Marshall Chess, the film’s producer, showed it to the Stones while they were working at Musicland studios in Munich on a new album that would become It’s Only Rock & Roll. Seeing what was only their kind of rock ’n’ roll in such minute detail, as Chess recalls, “left them all in shock.” However, there was clearly no question of the worldwide cinema release that had been intended. Warner Bros., the financiers of Performance, had first refusal on distribution. But even in the new Hollywood of the 1970s, where nudity and four-letter words had become the norm, no mainstream company would tolerate a production called Cocksucker Blues, or dare to market this one, whatever its title. Not the least problem was the filmmaker’s failure to obtain signed releases from most of the people shown in compromising situations. “When you’re having sex or shooting up,” Marshall Chess says, “you’re not going to want to sign a release.”

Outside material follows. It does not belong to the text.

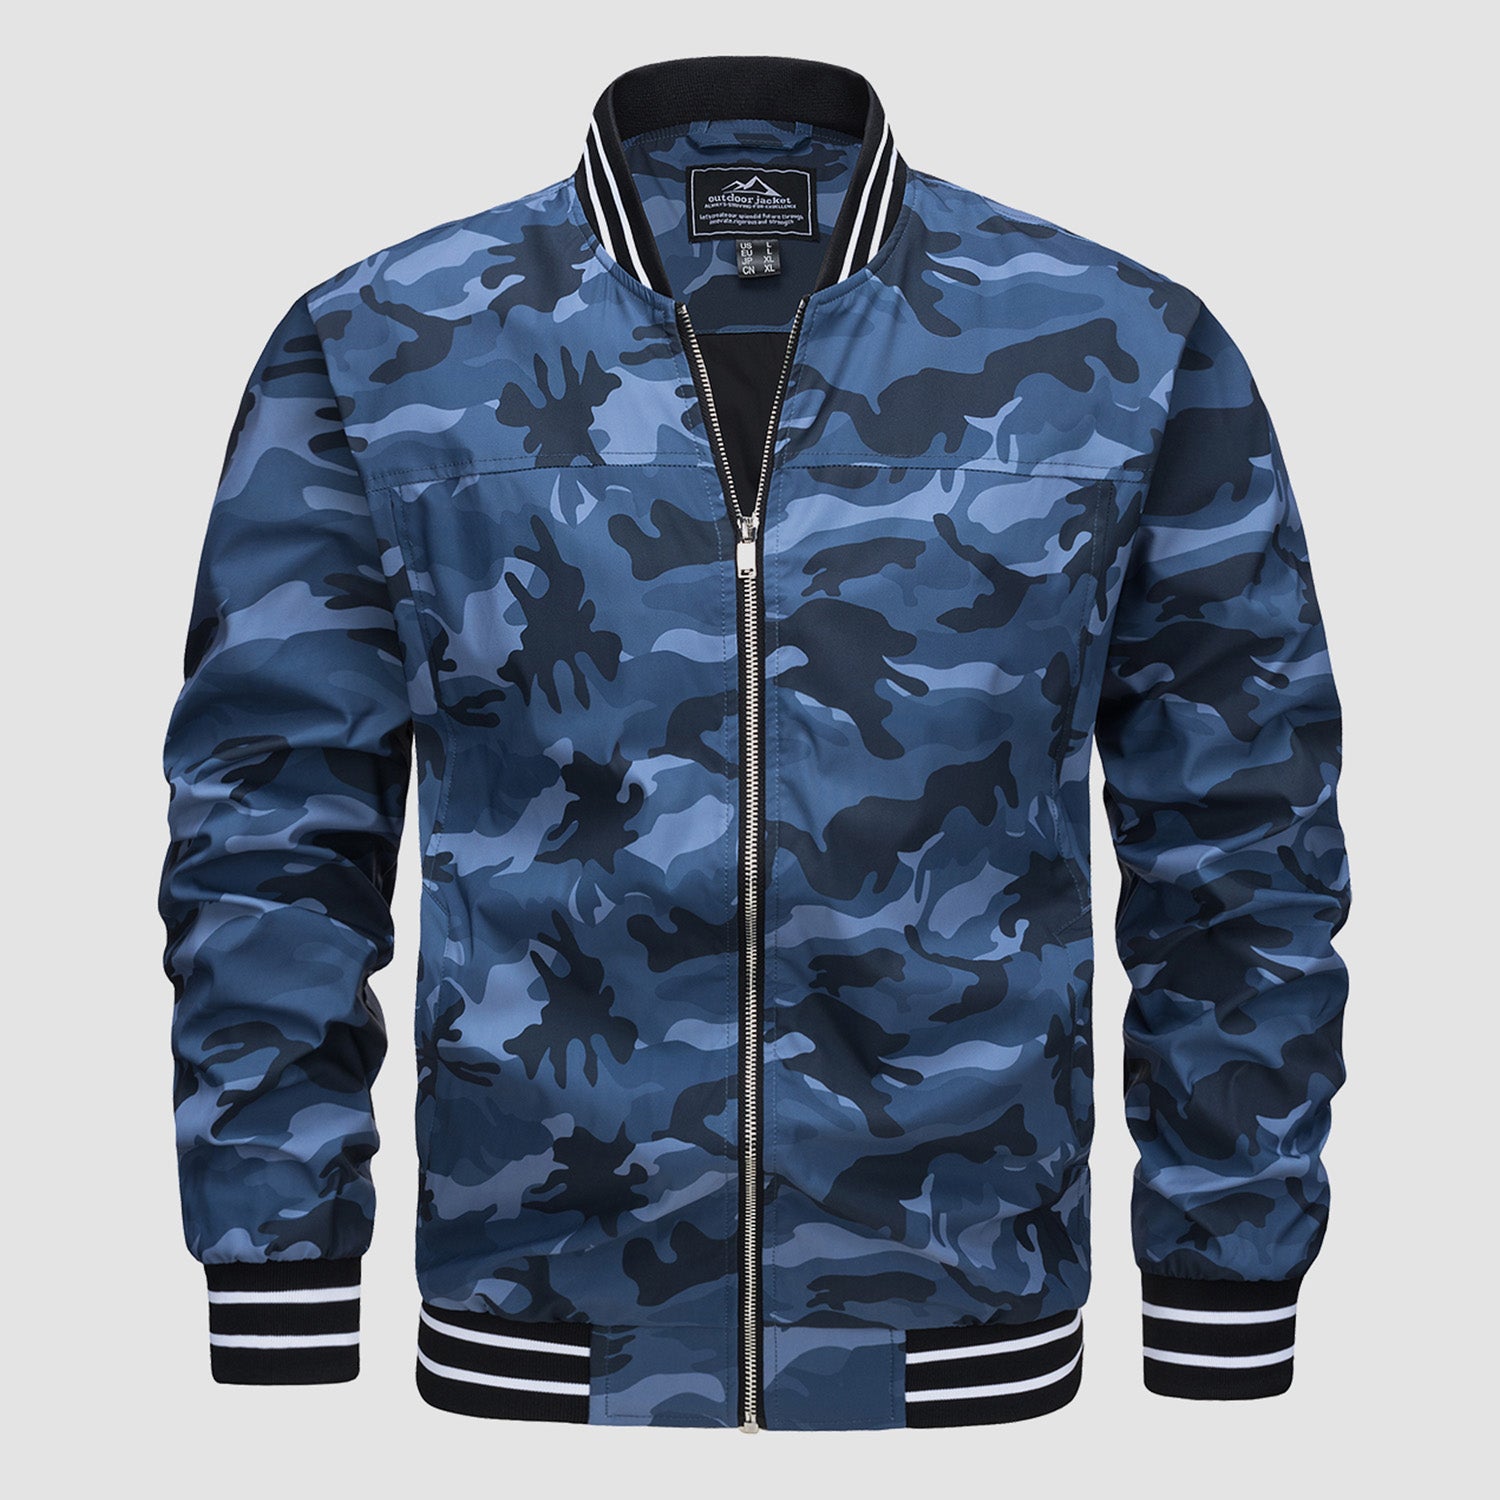 Men's Jacket Lightweight Windbreaker Bomber Jacket Windproof Casual Jacket Outwear
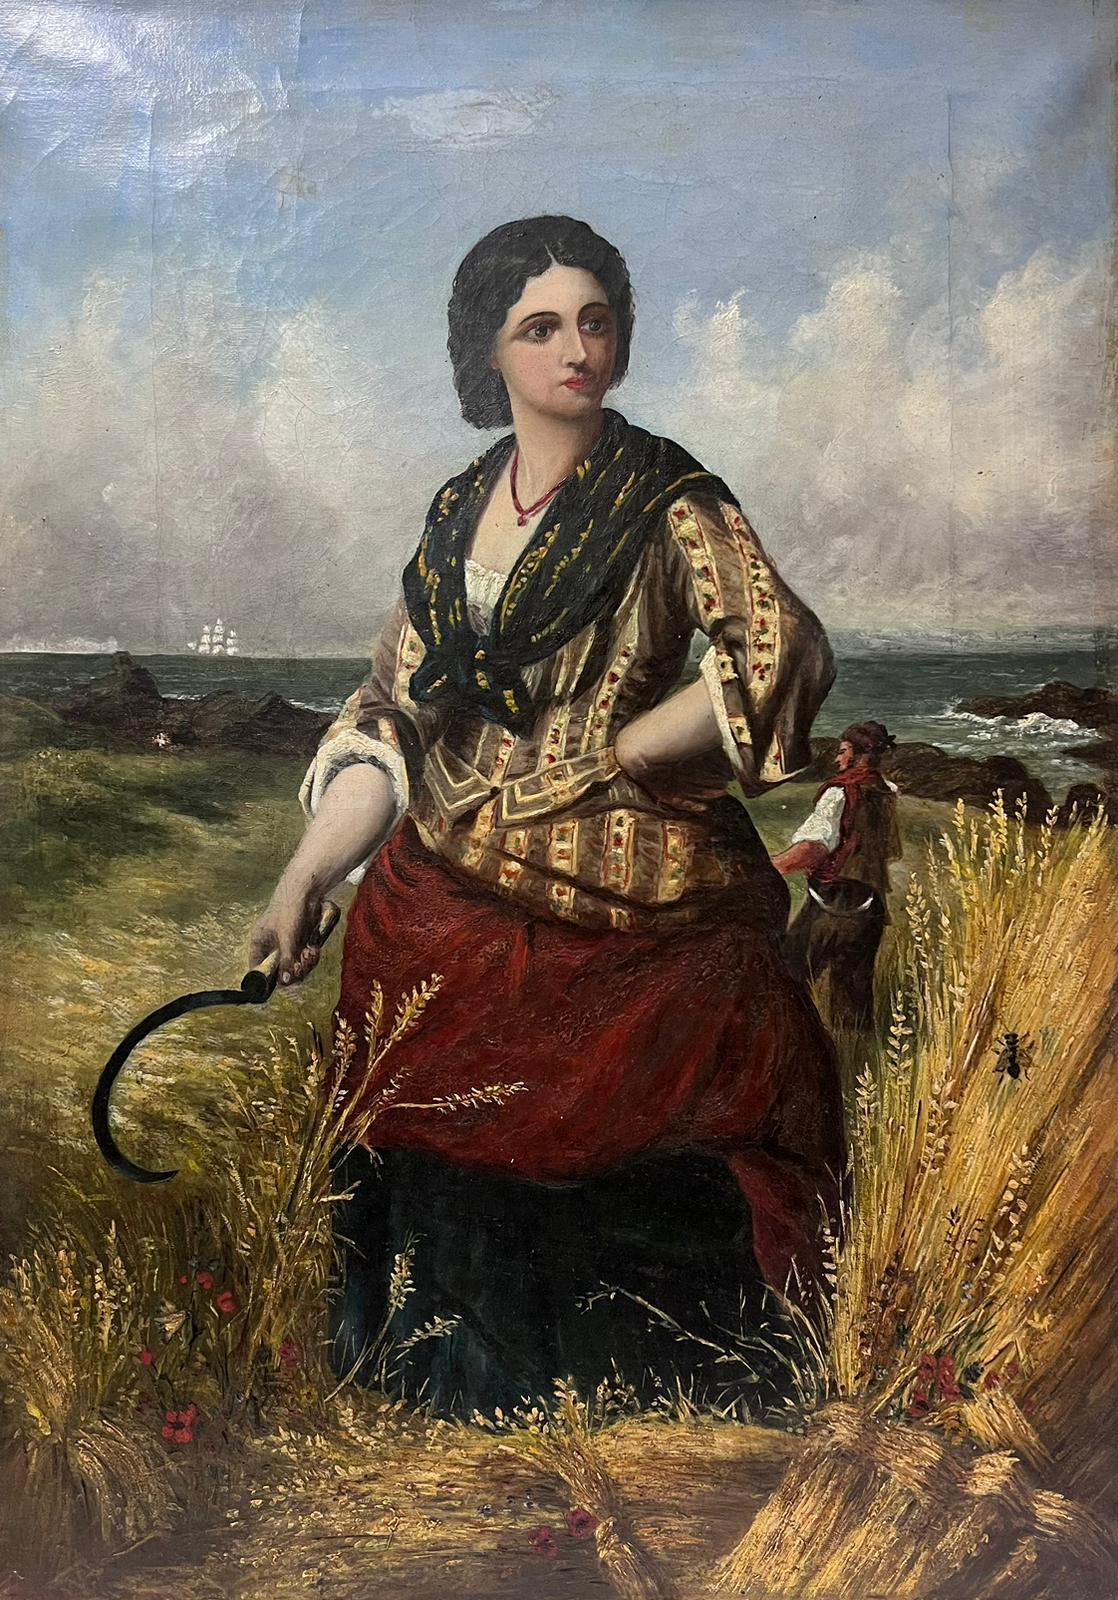 Portrait Painting English 19th Century - Woman in Harvest Fields Next to Coastal Seascape, peinture à l'huile victorienne sur toile

Mick congratulated Robert Frank on a brilliant piece of work, but said that if it were released, he’d never be able to show his face in America again. So Cocksucker Blues was put on the shelf alongside The Rolling Stones’ Rock ’n’ Roll Circus. Instead, a crew from John Lennon’s Butterfly film company cobbled together a straightforward record of the ’72 tour, using stage footage from the Fort Worth and Houston concerts and blamelessly entitled Ladies and Gentlemen: The Rolling Stones.